Trotz dieser erfreulichen Entwicklungen darf ein wesentlicher Kritikpunkt, der sich um die Feststellung des Anrechts auf sozialrechtliche Leistungen formuliert, nicht ignoriert werden. Hierfür wollen wir Vereine und Menschen, die behinderungssensible Arbeit machen oder machen wollen, einmal sensibilisieren:
Denn die tatsächliche Feststellung einer Behinderung wird in der Praxis wesentlich anhand medizinisch/psychiatrischer Gutachten erstellt und diese orientieren sich wiederum an der Versorgungsmedizinverordnung. Die Gewährleistung von Angeboten und Rechten wird weiterhin an weitestgehend veralteten Maßstäben gemessen, die dann wiederum überholte Betrachtungsweisen von Behinderung reproduzieren können. Die Folge: Strukturelle Dimensionen sowie entsprechende Barrieren, die maßgeblich durch Kontextfaktoren beeinflusst werden, bleiben überwiegend unberücksichtigt.
Migration
Bei dem Begriff „Migration“ handelt es sich grundsätzlich um eine rein deskriptive Beschreibung vielfältiger sowie unterschiedlicher Wanderungsphänomene, unter denen die Arbeitsmigration, die Heiratsmigration oder aber Migration aufgrund von Flucht und Vertreibung gezählt werden kann. Im Rahmen diversitätssensibler Projekte, aber auch im Kontext gesellschaftlicher Fragestellungen, gerät die Begriffsbeschreibung „Migrationshintergrund“ in den tatsächlichen Arbeitsfokus, besonders für Vereine und Menschen, die im Kontext einer migrationssensiblen Arbeit tätig sind oder sein wollen. Trotz des schwierigen Unterfangens, diesen Begriff exakt zu definieren, hat das statistische Bundesamt einen ersten Versuch unternommen und folgende Definition des Begriffes aufgestellt. Das Statistische Bundesamt definiert Menschen mit Migrationshintergrund als jene, die nach 1949 in das heutige Gebiet der BRD zugewandert sind, sowie alle in Deutschland geborenen Ausländer und alle in Deutschland als Deutsche Geborenen mit zumindest einem nach 1949 zugewanderten oder als Ausländer in Deutschland geborenen Elternteil. Diese Definition betont die Nationalität und schließt andere Formen der Migration aus. Es ist wichtig, dass Vereine und Menschen in der Sozialarbeit diesen Aspekt kritisch hinterfragen und eine breitere Perspektive einnehmen.

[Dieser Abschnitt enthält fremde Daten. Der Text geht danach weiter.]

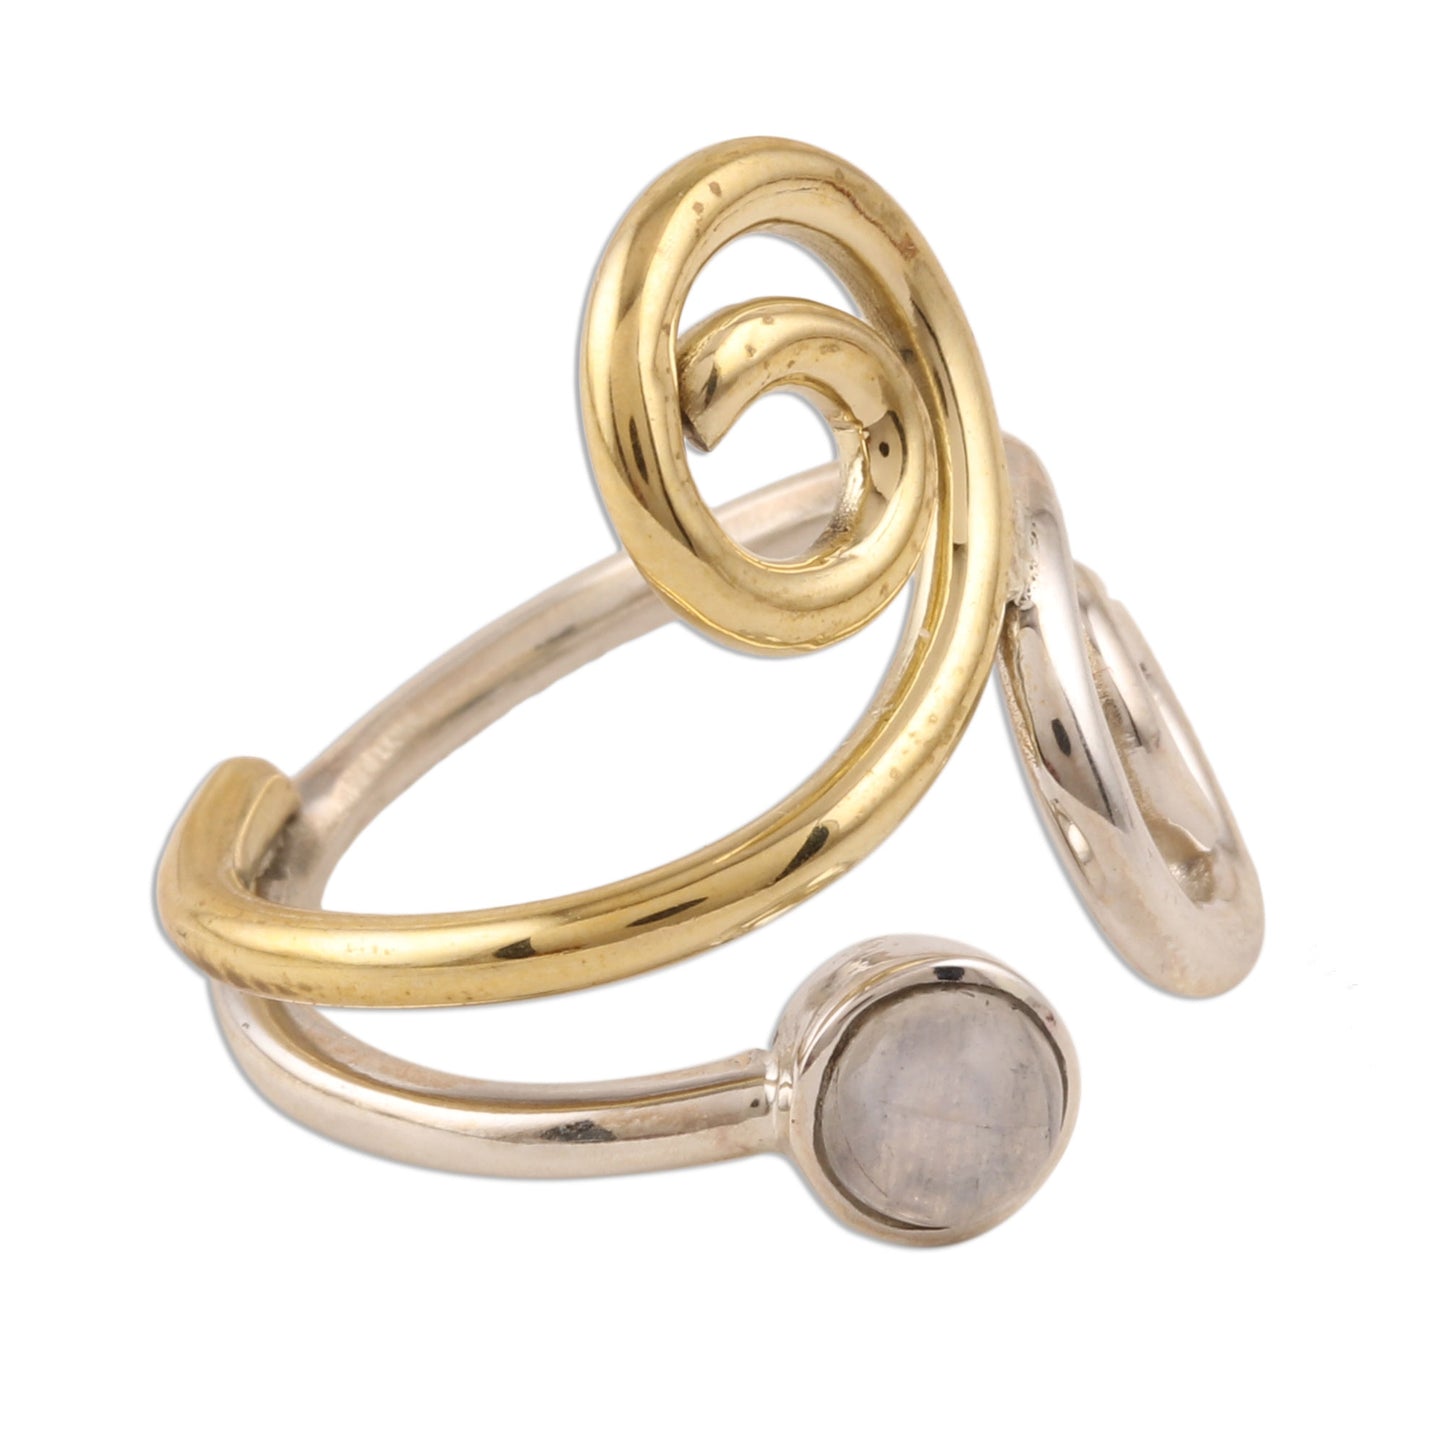 Curling Union Rainbow Moonstone Ring with Sterling Silver and Brass

Zusammenfassend zeigt die praktische Arbeit an den Schnittstellen von Behinderung und Migration eine starke Fokussierung auf personenbezogene Ausgangslagen bei Behinderung und eine auf Nationalität beschränkte Diskussion bei Migration. Diese Ausgangslage basiert auf jahrelanger Sozialarbeit mit einem solchen Fokus und muss in Zukunft weiter ausdifferenziert werden, wie unser Verein fordert.